Figure 7. The protein expression of Bcl-6, TTP, and IL-10 in NRK-52E cells under hypoxic condition with DOR activation or/and inhibition. Cells were exposed to hypoxia at 1% O2 for 24–48 h and treated with 1 μM DOR agonist (UFP-512) or/and 1 μM DOR antagonist naltrindole. (A) Western blots of Bcl-6, TTP, and IL-10 after UFP-512 treatment. (B) Western blots of Bcl-6, TTP, and IL-10 after naltrindole treatment. (C) Western blots of Bcl-6, TTP, and IL-10 after UFP-512 and naltrindole treatment. H, hypoxia; C, normoxic control. ∗P < 0.05, ∗∗P < 0.01. U1, 1 μM UFP-512; C + U1, DOR activation with 1 μM UFP-512 treatment under normoxic conditions; H + U1, DOR activation with 1 μM UFP-512 treatment under hypoxic conditions; N1, 1 μM naltrindole; C + N1, DOR inhibition with 1 μM naltrindole treatment under normoxic conditions. U1 + N1, simultaneous administration of 1 μM UFP-512 and 1 μM naltrindole; C + U1 + N1, 1 μM UFP-512 and 1 μM naltrindole treatment under normoxic conditions; H + U1 + N1, 1 μM UFP-512 and 1 μM naltrindole treatment under hypoxic conditions.
As a comparison, we also investigated the effects of DOR activation on TTP protein in the same cells. In normoxia, UFP-512 treatment did not significantly affect the expression of TTP at 24 h after the treatment, but intended to increase TTP protein levels at 48 h (Figure 7A). After naltrindole treatment, the expression of TTP seemed to increase under both normoxia and hypoxia at 24 h, though the phenotype was more significant under hypoxia (Figure 7B, P < 0.05). TTP was significantly increased by co-treatment of UFP-512 and naltrindole under hypoxic conditions, but did not change under normoxia (Figure 7C). Since the expression level of TTP remains steady under hypoxic stress, indicated in our previous (Luo et al., 2017), it is reasonable to believe that TTP is also regulated by DOR function in NRK-52E cells.

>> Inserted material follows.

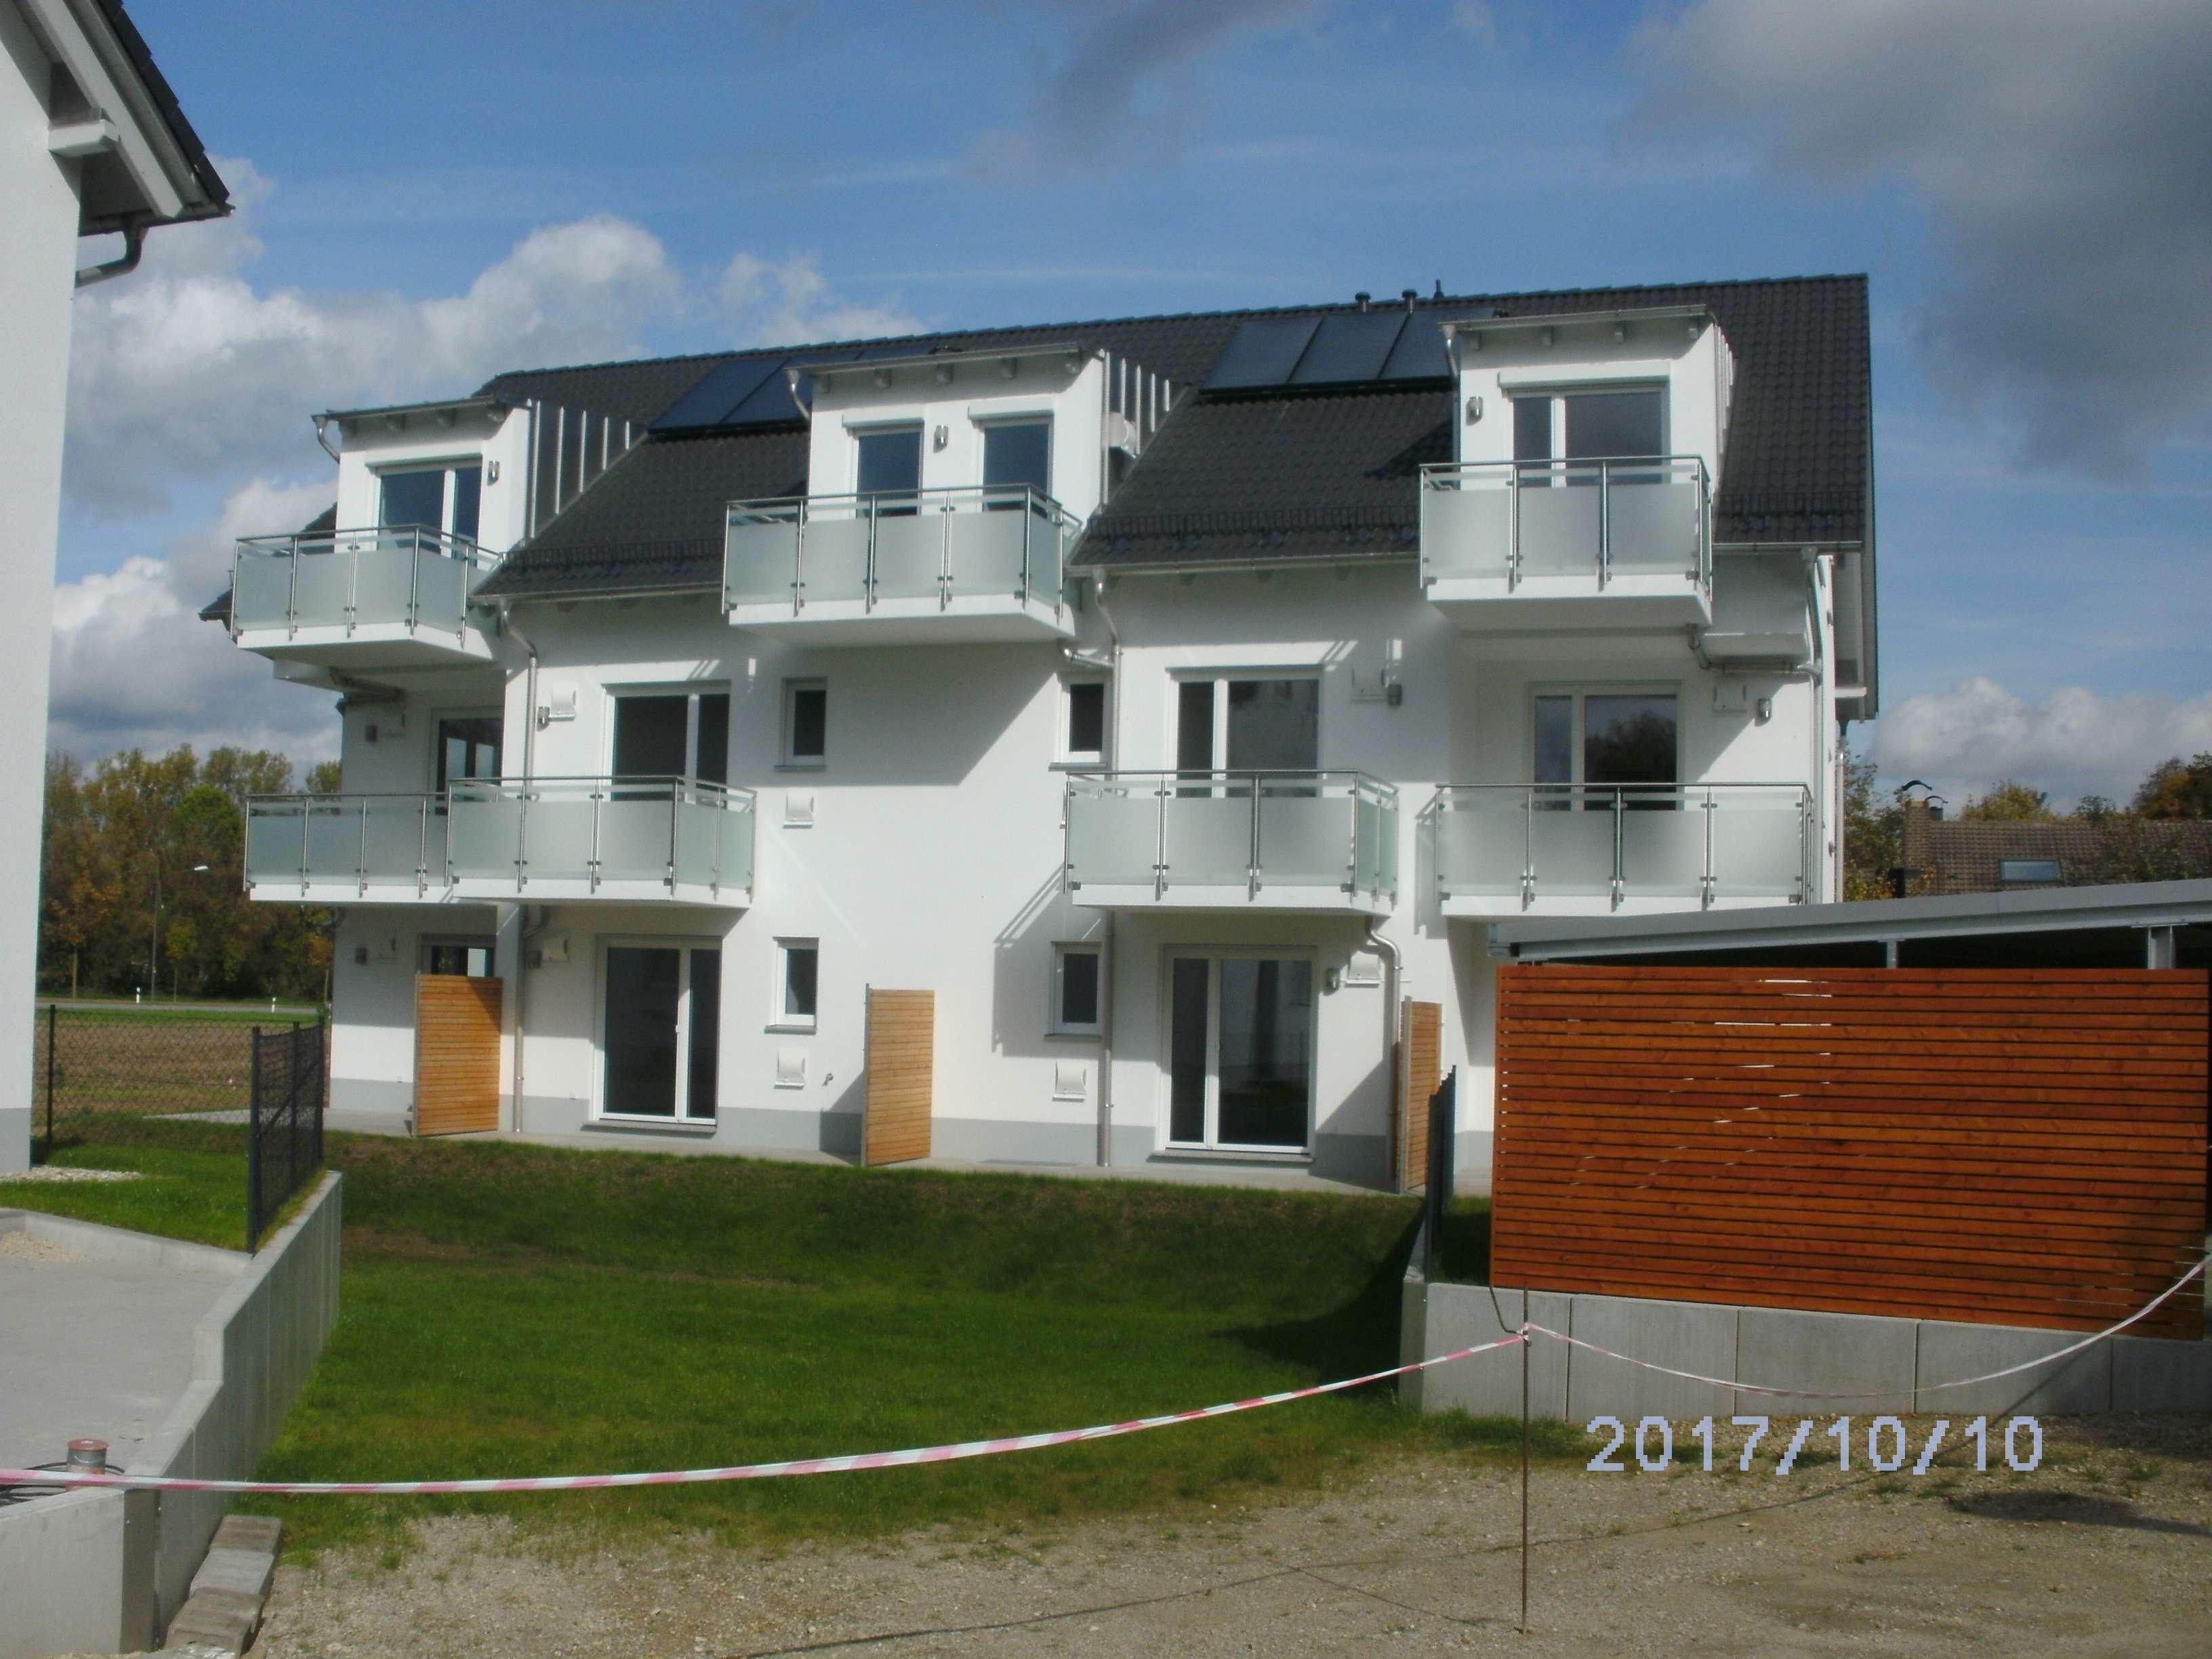 2-Zi. Appartement mit großem Balkon, ca. 40 m² ; Neubau aus 2017, ab 01.12.19, Landshut Schönbrunn in Schönbrunn (Landshut)

On the other hand, IL-10 protein level was significantly increased after exposure to UFP-512 for 24 h in normoxic conditions (P < 0.01), but not in hypoxic conditions. The increased IL-10 in normoxic conditions disappeared after treatment of UFP-512 for 48 h (Figure 7A). Meanwhile, IL-10 had no response to the DOR inhibition by naltrindole under either hypoxia or normoxia (Figure 7B). Interestingly, the co-treatment of UFP-512 and naltrindole for 24 h can enhance the expression of IL-10 in both normoxic and hypoxic conditions (P < 0.05), but not for those of 48 h of treatment (Figure 7C). Similar to TTP, the expression level of IL-10 may be conducted by the DOR function, since hypoxia alone has no appreciable impact on IL-10 in NRK-52E cells (Luo et al., 2017).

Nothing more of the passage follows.